If you have not already done so, please read Blog Posts 1 through 5 that describe how sleep is important and beneficial. I will post specific information for parents and children based on my book, “Healthy Sleep Habits, Happy Child.” Please do not be put off by my book’s length. This is a reference book. Read only the topic of interest to you.
A woman with anxiety symptoms (or dysfunctional cognitions regarding attending to her baby at night) becomes pregnant. She might worry about the pregnancy, her baby, becoming a mother, the father or any other aspect of her life. During pregnancy, the anxiety leads to significant insomnia. After the baby is born, she might worry about her child’s weight gain and comfort level and/or interprets all infant vocalizations at night as distress. She may have a low tolerance for infant crying. She becomes too intrusive at night and fragments her child’s sleep with unnecessary feeding and soothing. Her own insomnia during pregnancy and/or her own fragmented sleep postpartum depletes her reserves, and postpartum depression emerges. Her intensive involvement in putting her baby to sleep and/or intrusiveness during the night results in her baby not learning self-soothing at bedtime or sleep onset.

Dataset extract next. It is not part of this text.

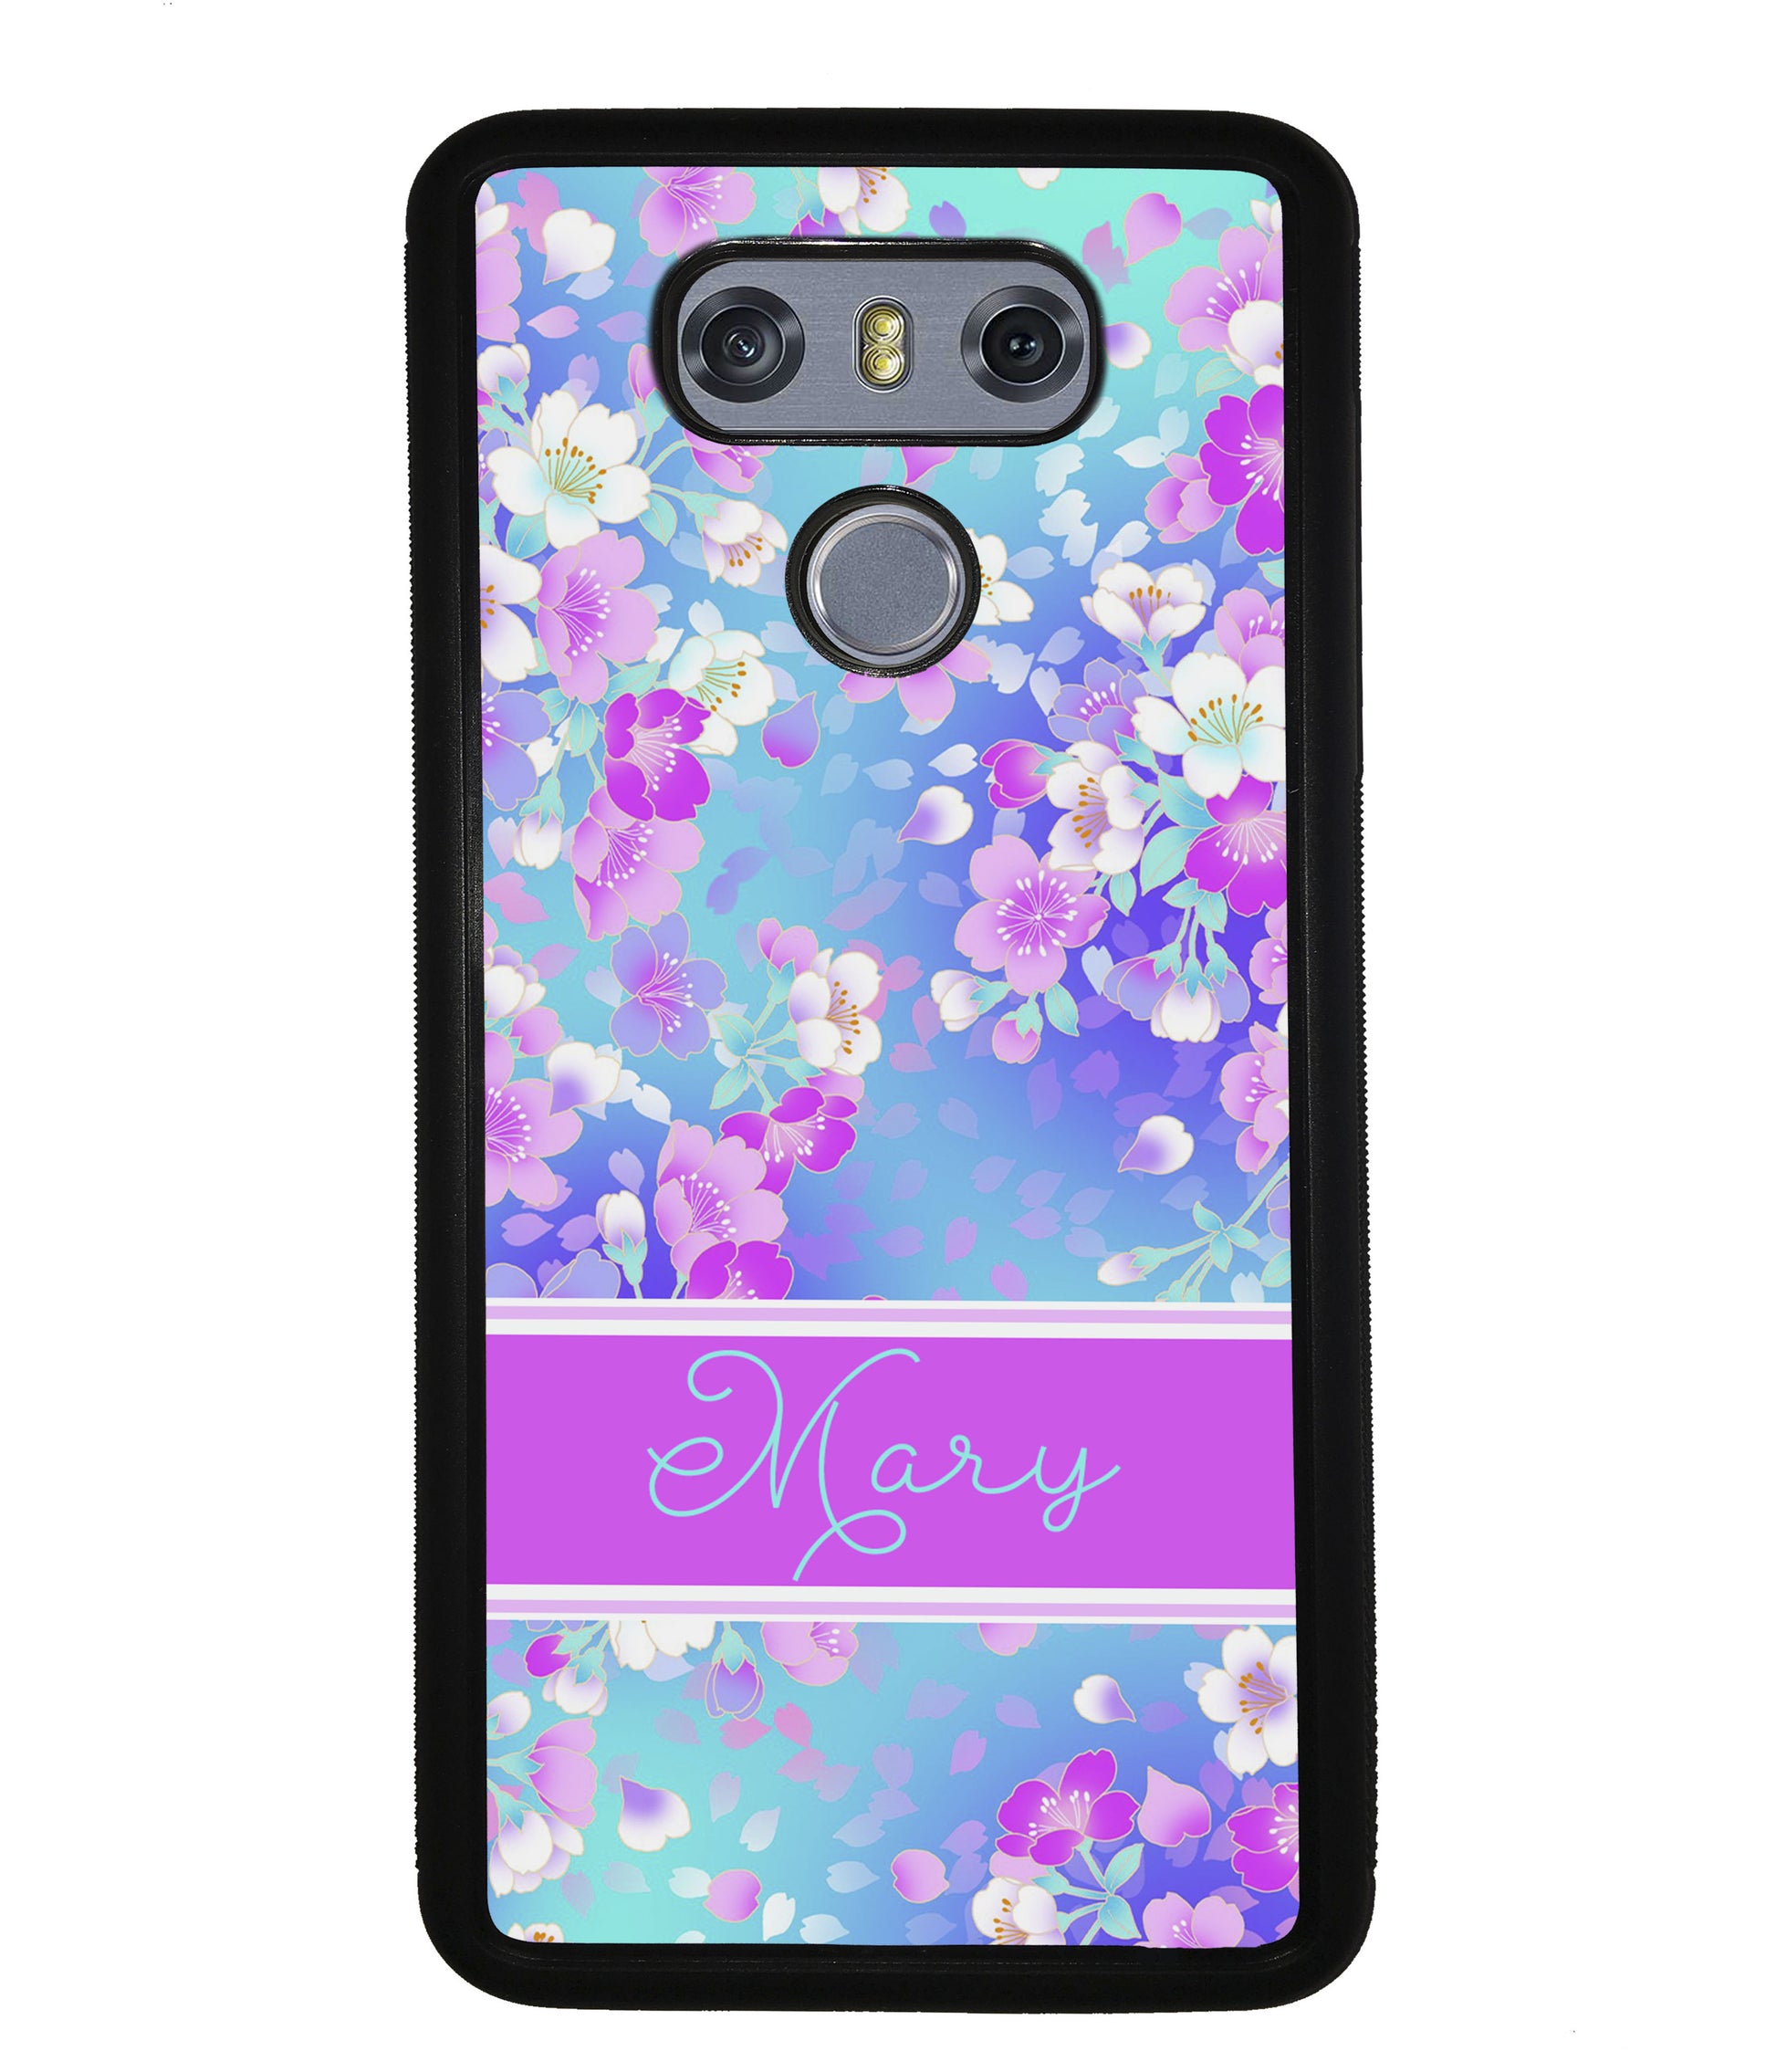 Neon Flower Pattern Personalized | LG Phone Case

Subsequently, night waking as a sleep problem (signaling) during the night emerges in her baby, because after a normal nighttime arousal the baby has difficulty self-soothing, which is needed to return to sleep unassisted. The sleep-impaired baby becomes painfully tired near the end of the day, and after a few weeks, colic might emerge. For her own sense of comfort and to better calm her baby, the mother is more likely to choose to sleep with her baby in her bed, which further impairs the mother’s sleep.
The baby’s failure to learn self-soothing and subsequent impaired sleeping may create enduring sleep problems in both the child and the mother, worsening mental health symptoms in the mother and increasing family tension. When older, the direction of these effects goes both ways: from child to mother and from mother to child.

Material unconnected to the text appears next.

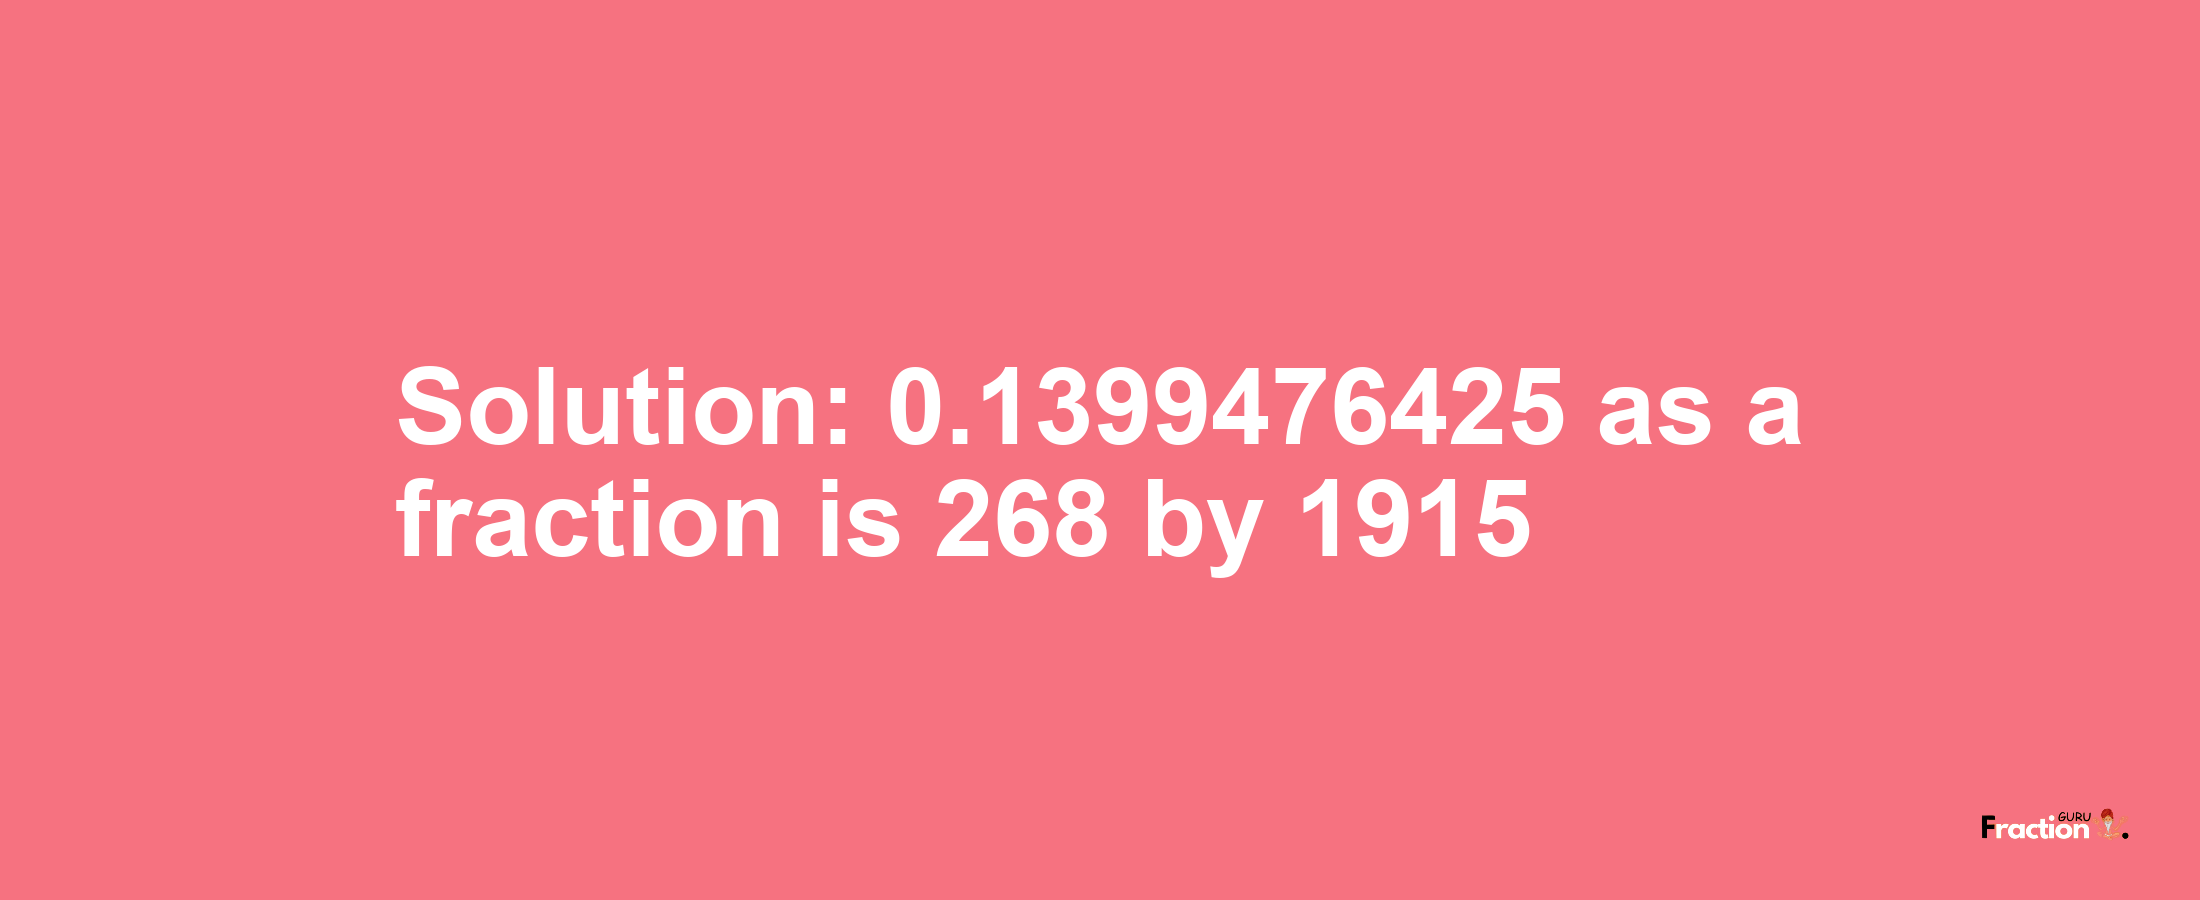 Solution:0.1399476425 as a fraction is 268/1915

Older women with anxiety, knowing that their older husbands will be less involved in helping care for the baby, might be more likely to experience this sequence of events. Younger unmarried women with less support may also experience more anxiety. With symptoms of anxiety present, maternal smoking and drinking alcohol during pregnancy and postpartum might be viewed as a reflection of anxiety.
Variable #1 is maternal depression (or co-morbid anxiety and depression) before pregnancy, which worsens with increasing sleep deprivation during the pregnancy due to insomnia, and postpartum from caring for the baby at night.
Variable #2 is an infant colic, which might be biologically associated with mother’s mental health status and/or insomnia or smoking during pregnancy, or could be an independent factor. These children (about 20 percent) add more stress to the family and cause more sleep deprivation in the mother, which might contribute to or worsen preexisting maternal postpartum anxiety and/or depression.
Variable #3 is low parental tolerance for infant crying (Blog Post 18), which might interfere with a child having the opportunity to practice self-soothing.
Variable(s) #4-plus are other common variables affecting both mother and child, such as a non-supportive or impaired father/husband/partner adversely affecting both the mother’s mental health and the baby’s ability to sleep well and self-soothe. Alternatively, any combination of these variables magnifies the stress in the mother and the challenges in parenting, causing a minority of children to continue to cry/fuss well beyond 2–4 months of age and/or continue to not sleep well during childhood. As a result, they are at a higher risk for future sleep problems and/or other problems driven by chronic sleepiness.